- AIM OF THE EXERCISE: Restate the listing below line for line and word for word, without the pictures.

(DATA SEGMENT begins)

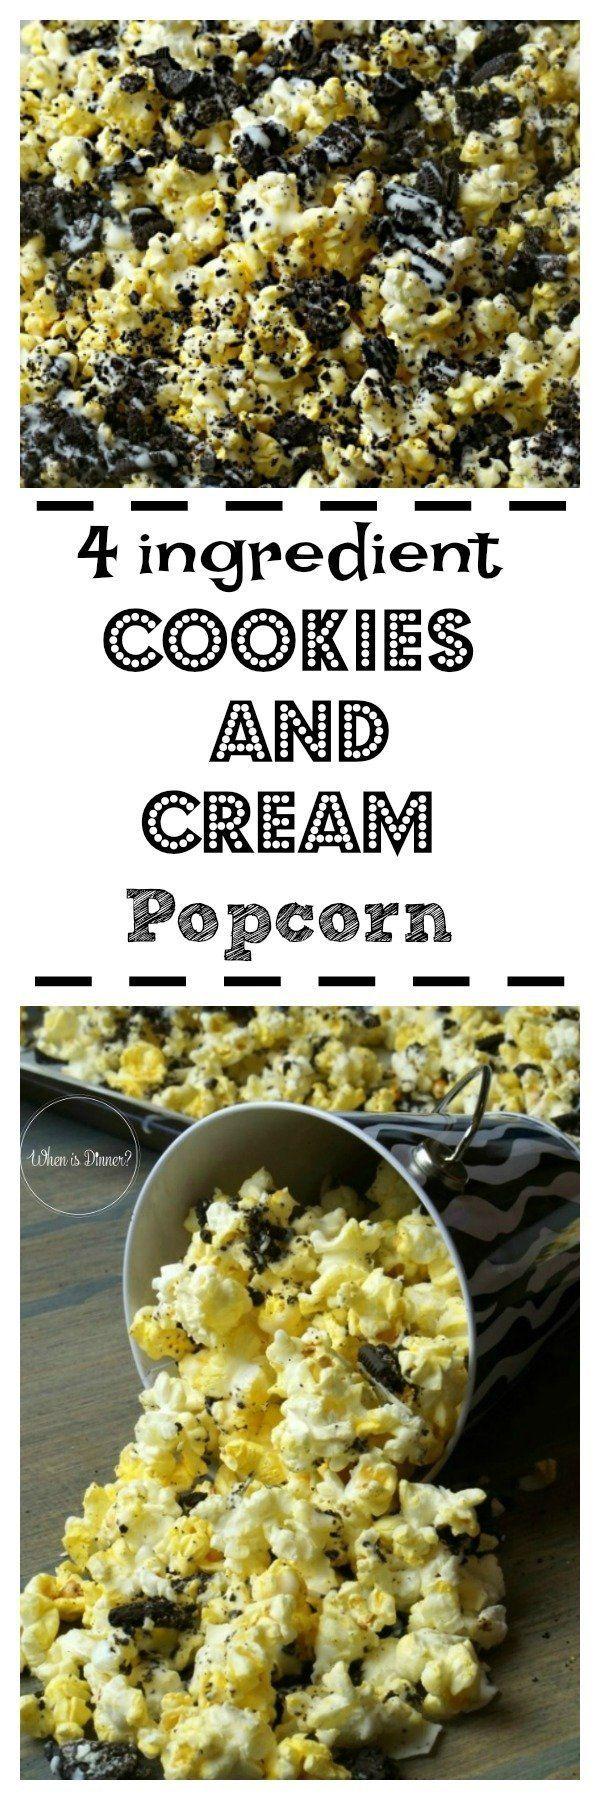 Cookies and Cream Popcorn Cookies and Cream Popcorn
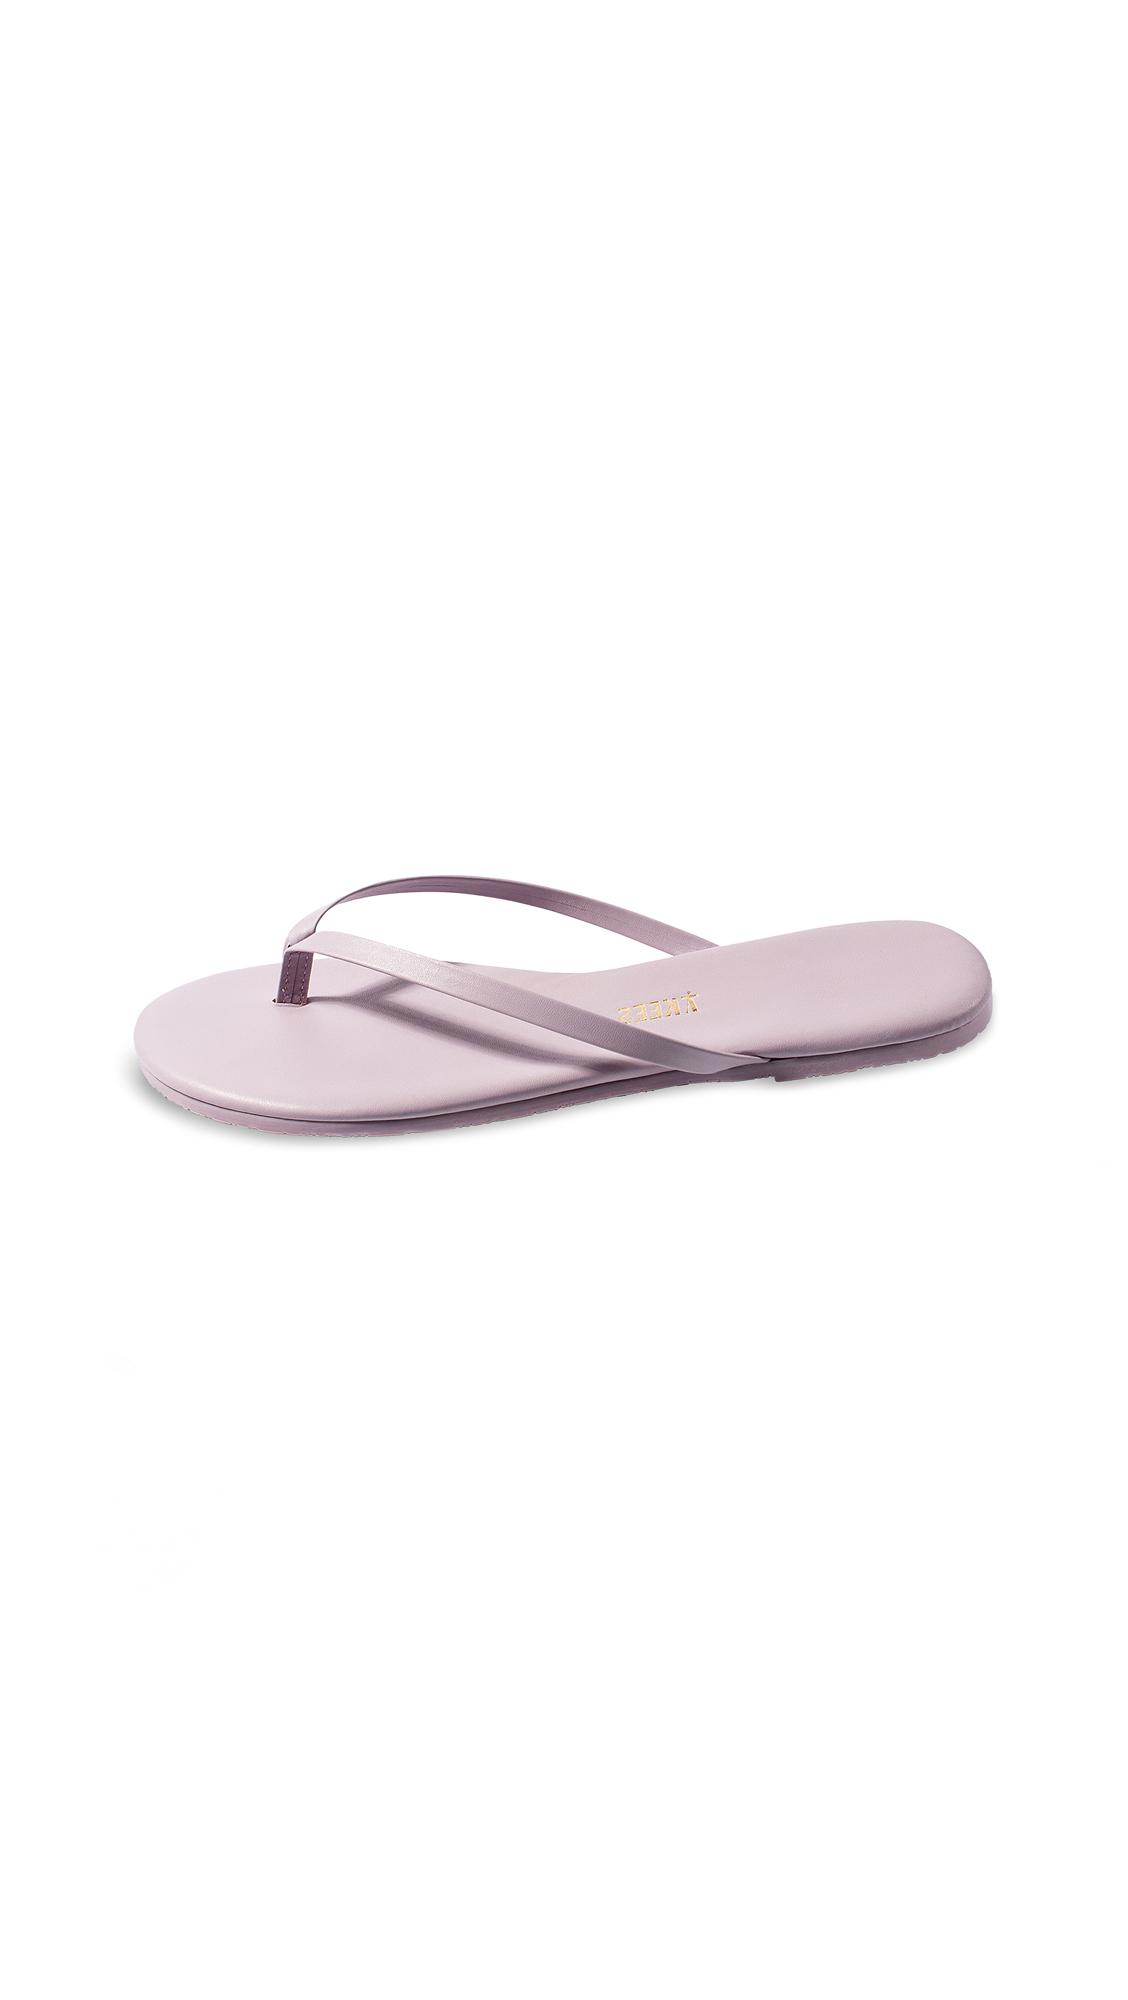 Buy TKEES Solid Flip Flops online, shop TKEES
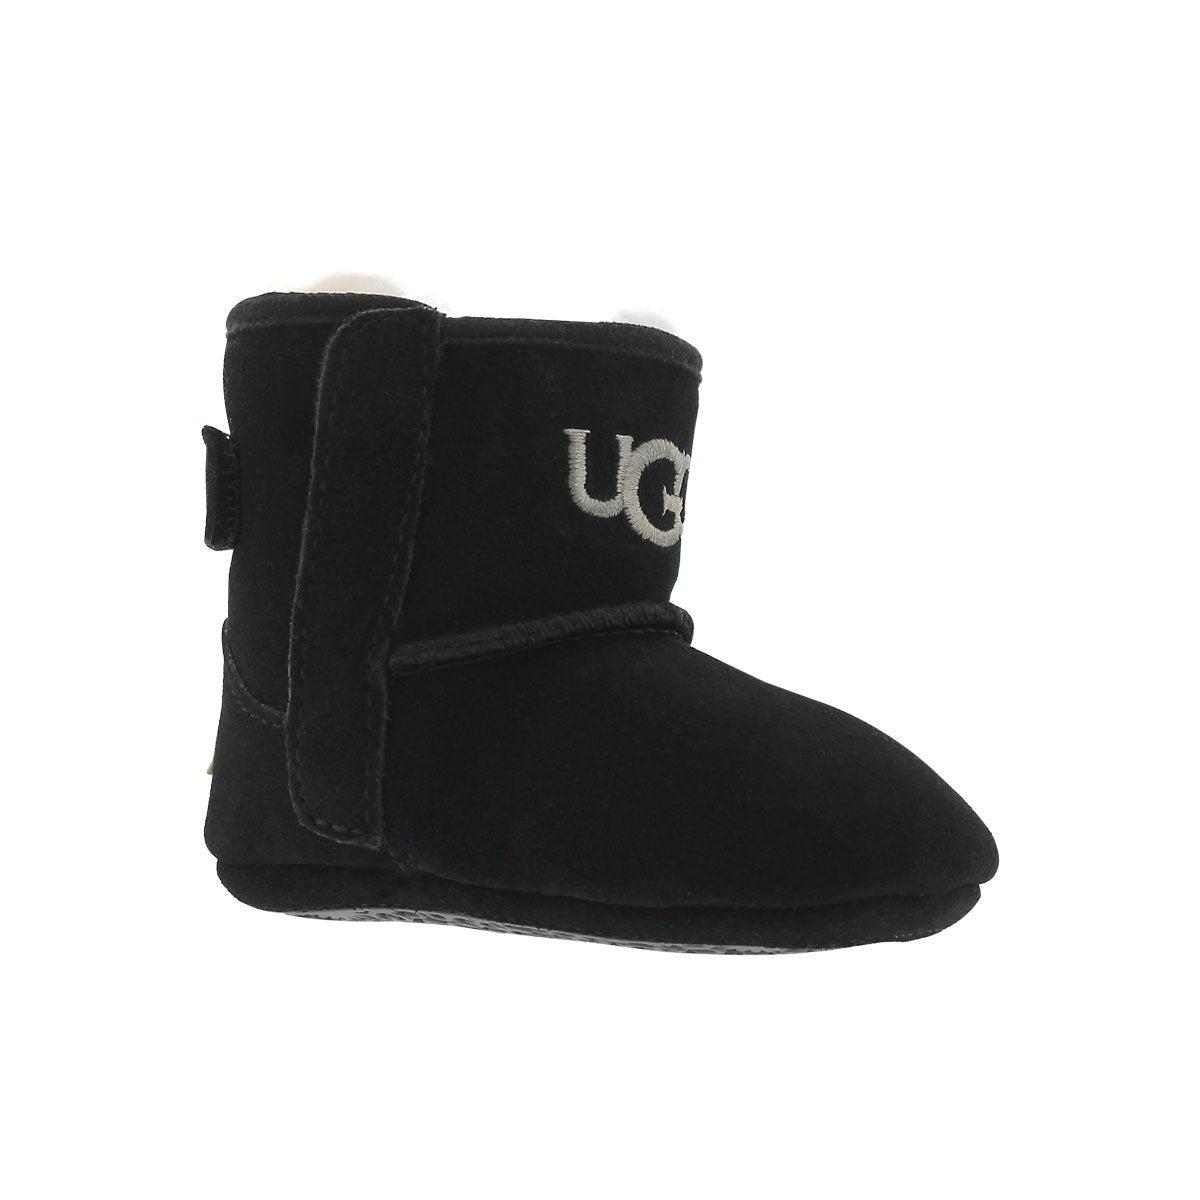 Infants' JESSE II black fashion boots

(DATA SEGMENT ends)

- RESULT BELOW:
 Cookies and Cream Popcorn Cookies and Cream Popcorn
 Buy TKEES Solid Flip Flops online, shop TKEES
 Infants' JESSE II black fashion boots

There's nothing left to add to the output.